***** Information supplied

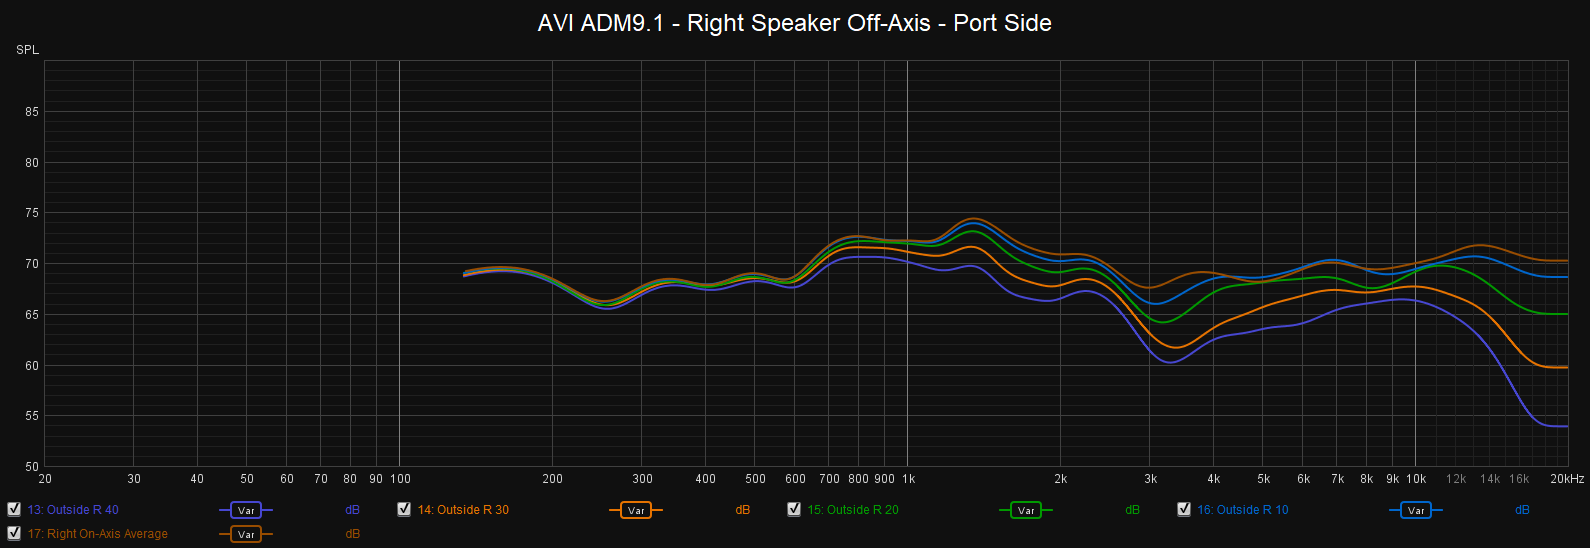 AVI ADM9.1 - Right Speaker Off Axis - Port Side.png
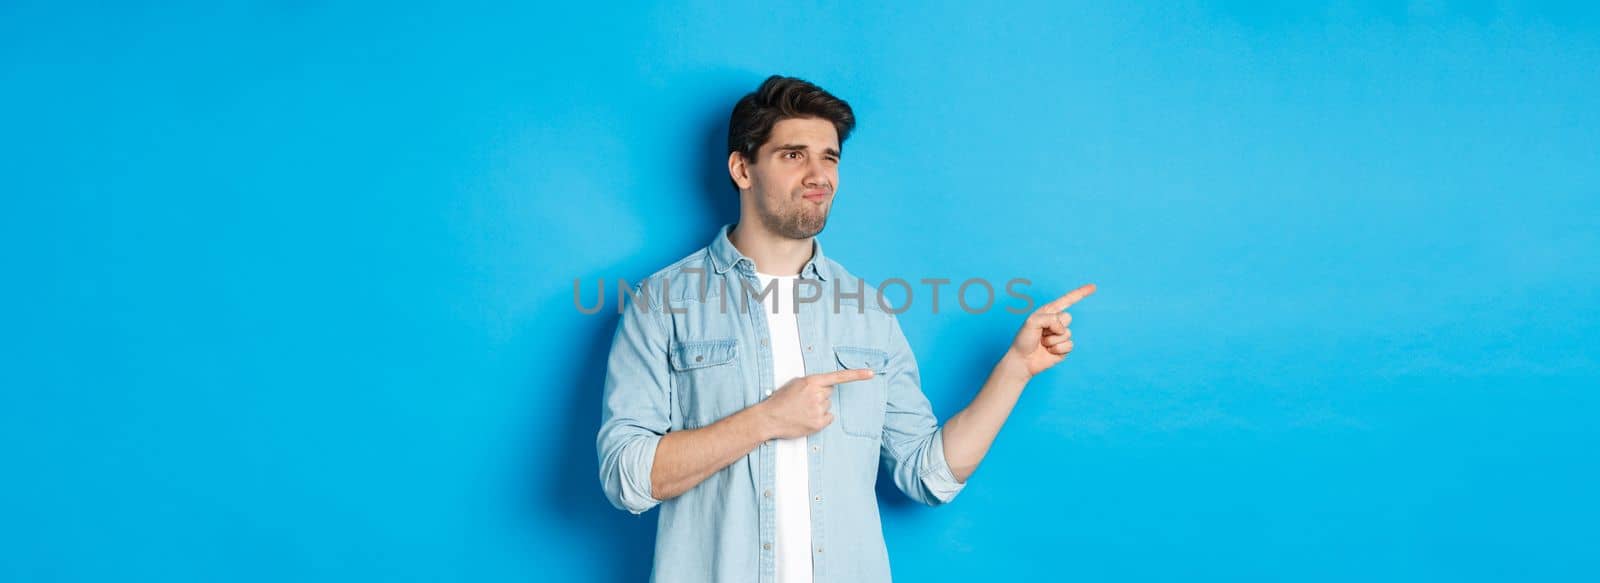 Doubtful adult man pointing fingers left at promotion and looking unsure, grimacing disappointed, standing against blue background.
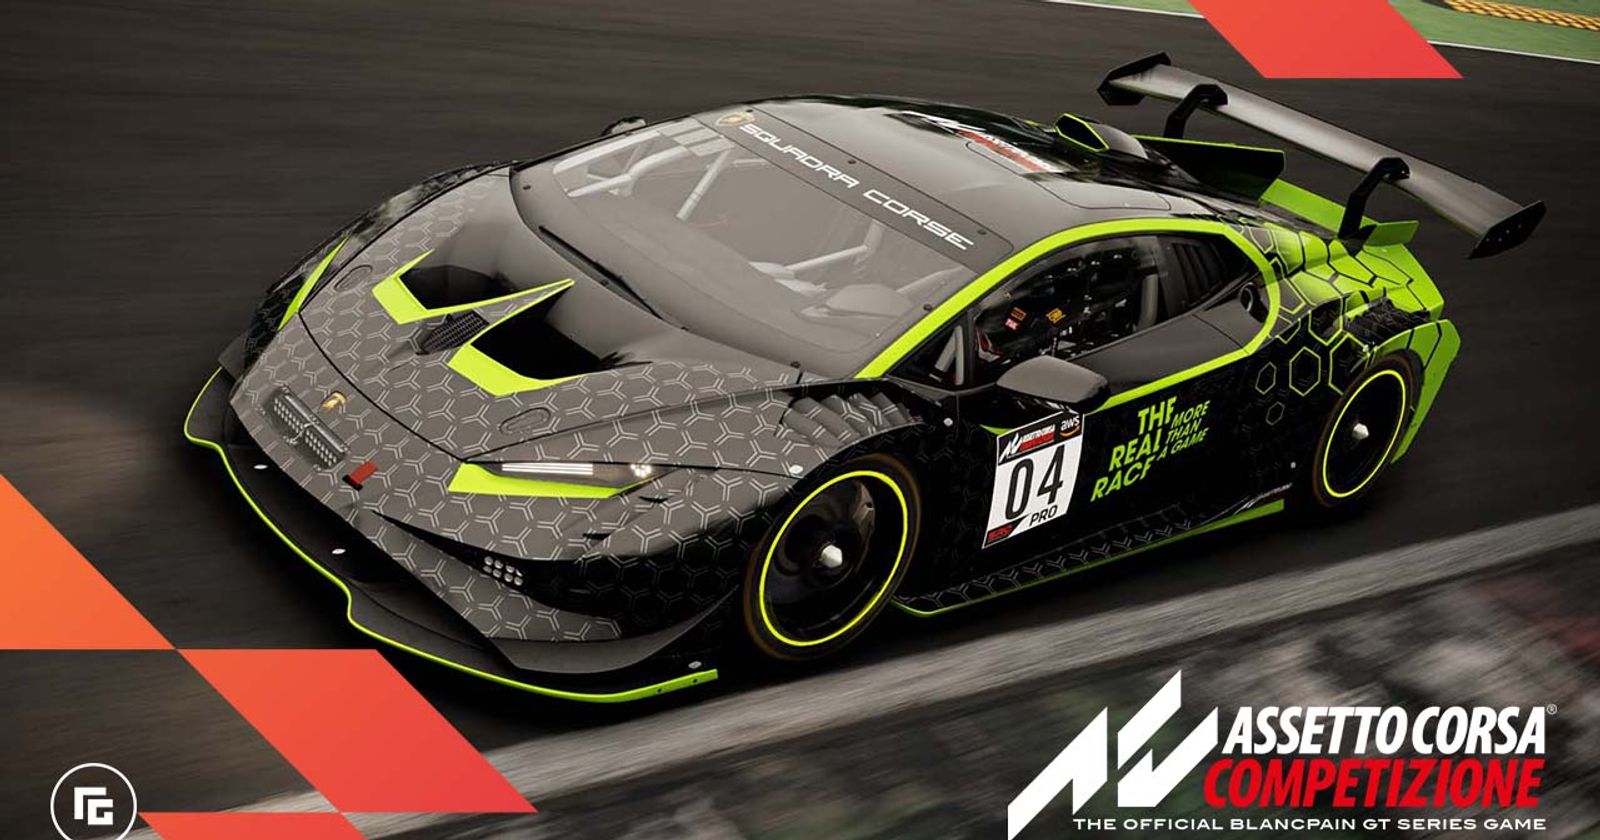 Assetto Corsa Competizione free to play on Steam for a limited time
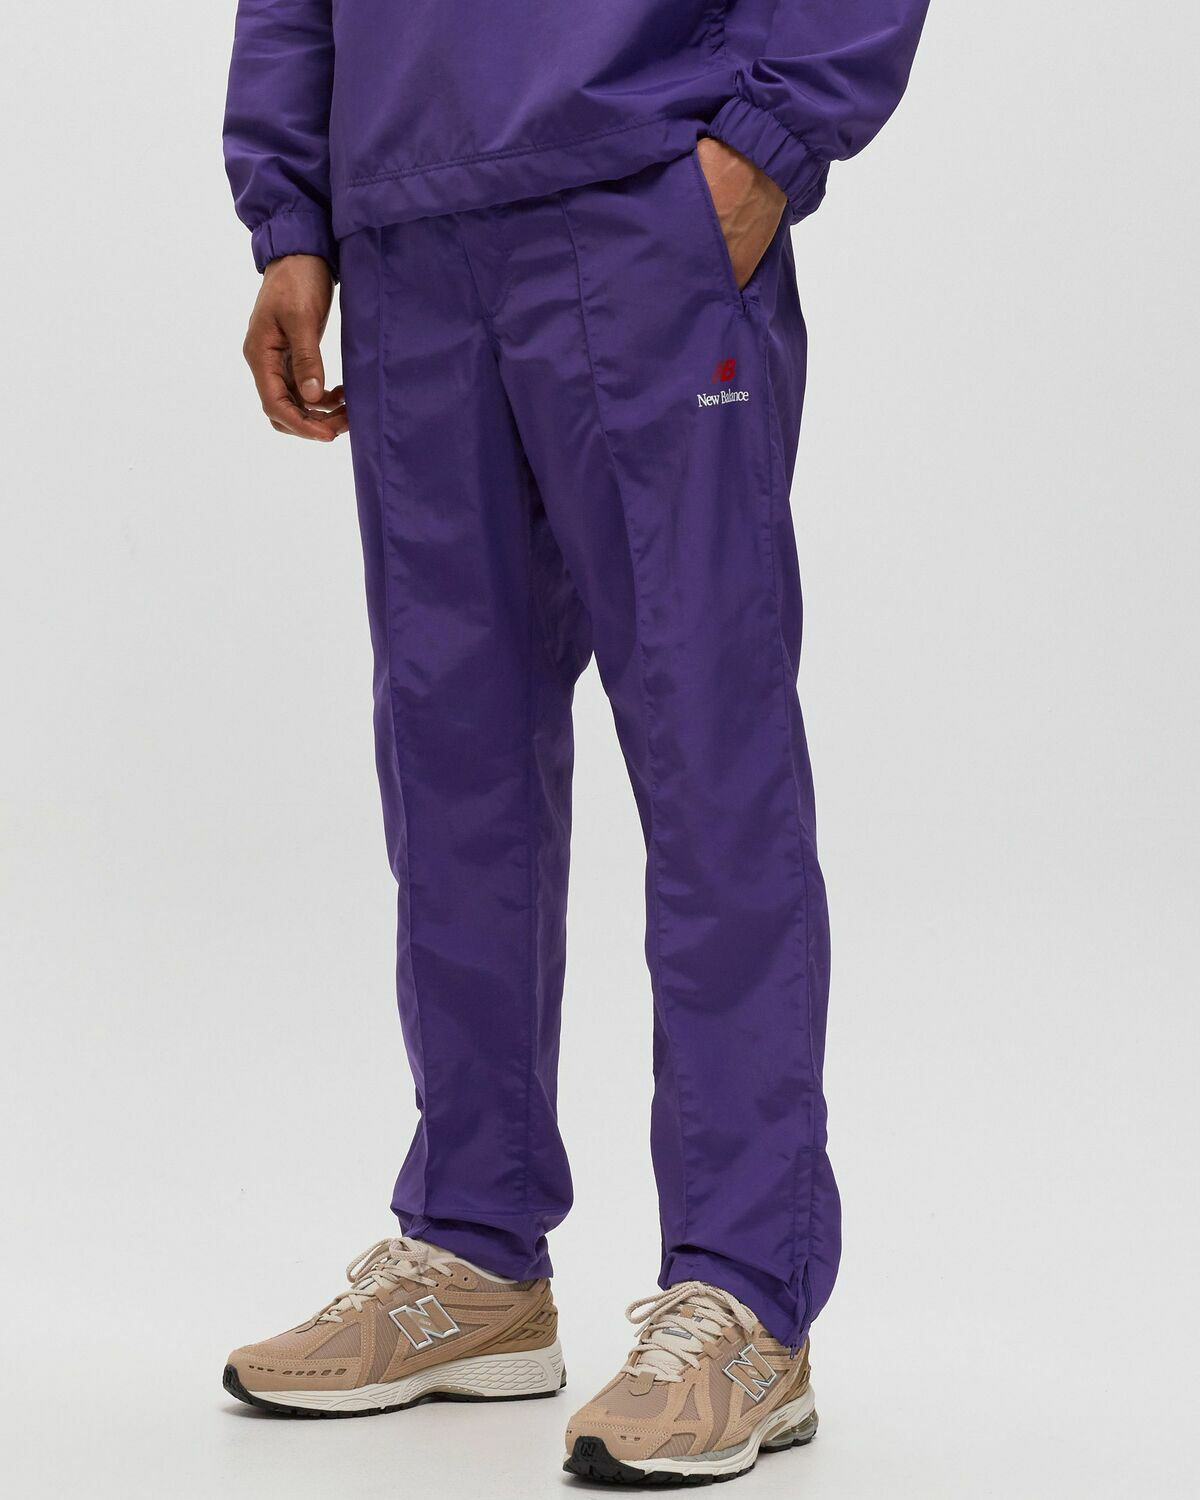 Pin on track pant

**********

| Description of the task |
Copy out all the data above exactly, minus the images.

| Response area |
 AVI ADM9.1 - Right Speaker Off Axis - Port Side.png
 Doubtful adult man pointing fingers left at promotion and looking unsure, grimacing disappointed, standing against blue background.
 Assetto Corsa Competizione free to play on Steam for a limited time
 Pin on track pant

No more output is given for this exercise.